Mel la miró taciturno.
—Mierda. Tú también la tienes.
—¿Qué tengo?
—La misma mirada en la cara que tenía Willy cuando se lo conté. —Mel golpeó la fotografía boca abajo contra la mesa, miró por la ventana y empezó a frotarse la barbilla.
—¿En qué piensas? —le preguntó Mary Catherine tras unos minutos.
—En lo mismo de siempre. En el poder —dijo Mel—. En el poder y en cómo actúa. —Lanzó un enorme suspiro—. El poder que una organización desconocida llamada Instituto Radhakrishnan blande de pronto sobre los Cozzano. —Lanzó otro enorme suspiro—. Y sobre mí.
—¿Tus emociones empiezan a interferir?
—Sí.
—Entonces, busca una opinión objetiva.
—Es una buena idea. Debería hablar con Sipes, en la universidad.
—No. Sipes es un importante investigador en esos campos.
—Entonces, es el tipo adecuado con el que hablar, ¿no?
—No necesariamente. Tiene teorías propias. Teorías que podrían ser las opuestas a las de Radhakrishnan.
—Buen punto. Una forma muy sinuosa de pensar para lo que es habitual en ti —dijo Mel con cautelosa admiración—. ¿Por qué no lo compruebas tú misma?
Mary Catherine quedó conmocionada. Luego enrojeció un poco.
—Creía que la idea era ser objetivos —dijo.
—La objetividad está bien, es una idea agradable —dijo Mel—, pero no hay nada como la familia, ¿verdad?
—Bien...
—Supongamos que encontramos un doctor supuestamente objetivo que comprueba lo de Radhakrishnan para nosotros. ¿Realmente aceptarías su opinión?
—No —admitió—. Querría ir y verlo por mí misma, antes de que usasen el bisturí con papá.

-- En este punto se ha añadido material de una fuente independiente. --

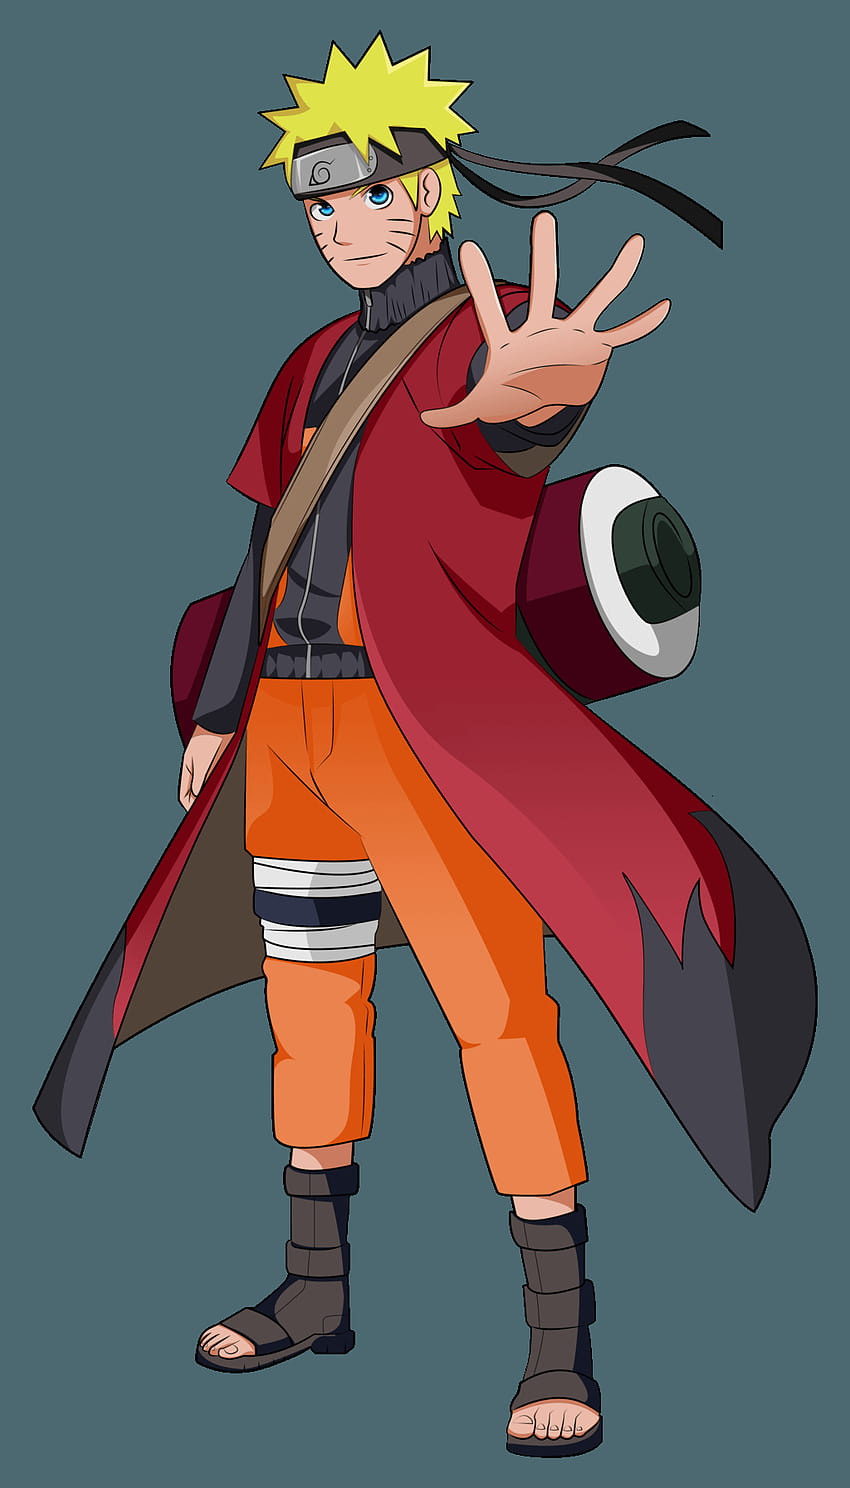 Imagen relacionada  Naruto uzumaki, Naruto sage, Naruto
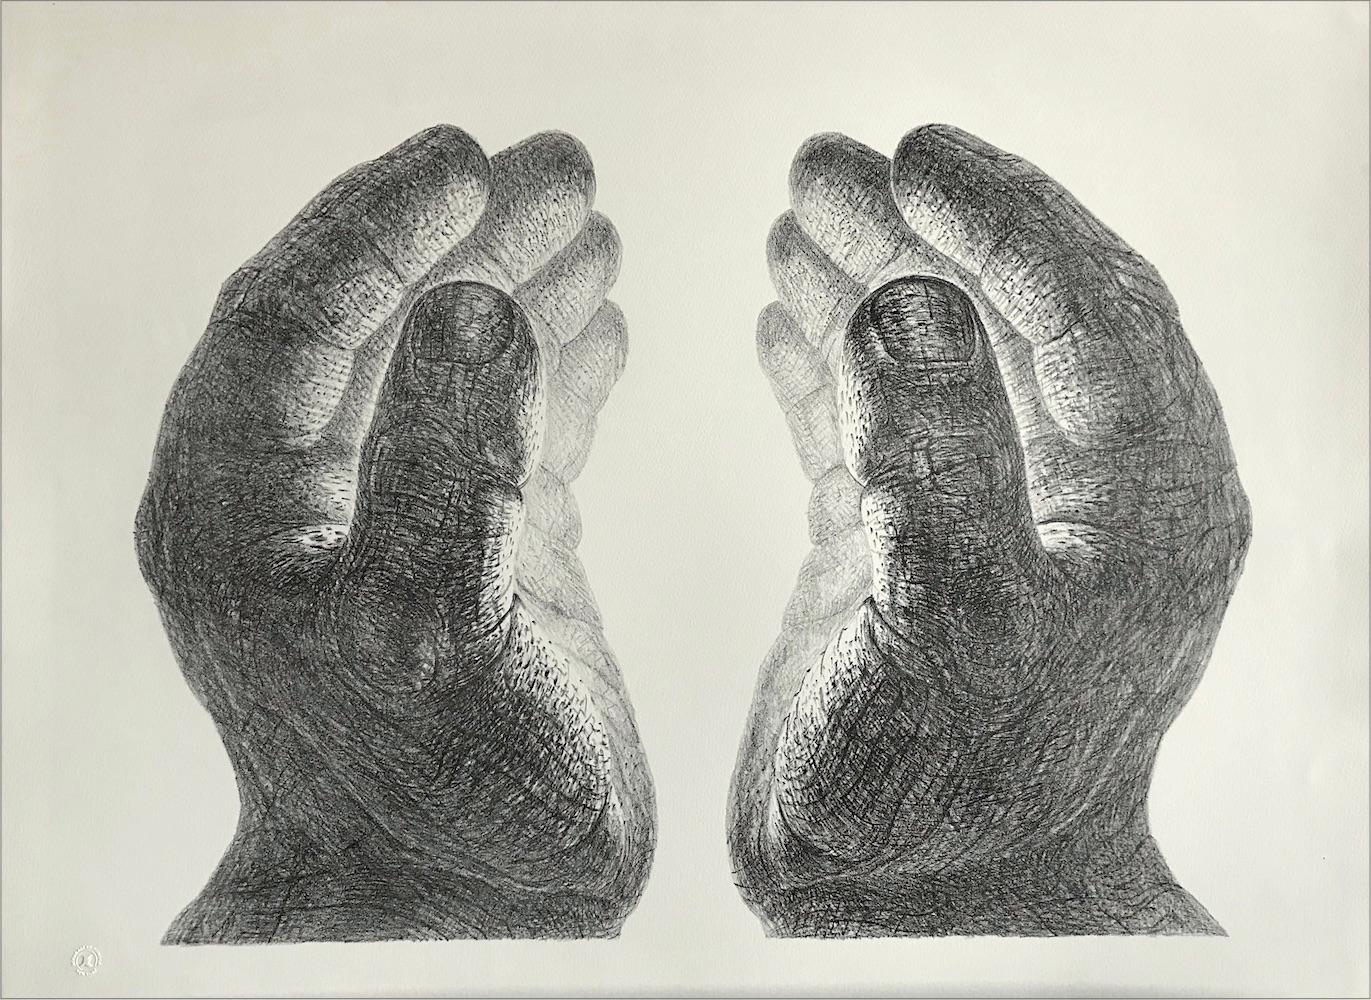 CREATION Handgezeichnete Lithographie, geschnittenes Paar Hände, Lichtglasur, Meditation

—Hecho. Te contrataré, por horas, como consejera médica para Beneficencias Cozzano —dijo Mel—. Tu labor consistirá en investigar los fundamentos médicos de los programas de investigación a los que estamos considerando realizar una donación. Y ahora mismo estamos pensando donar al Instituto Radhakrishnan.
—Mel, soy residente, no puedo tomarme tiempo libre.
—Eso —dijo Mel— es un problema político entre Beneficencias Cozzano y el director de tu estupendo hospital. Y se sabe que de vez en cuando me meto en política.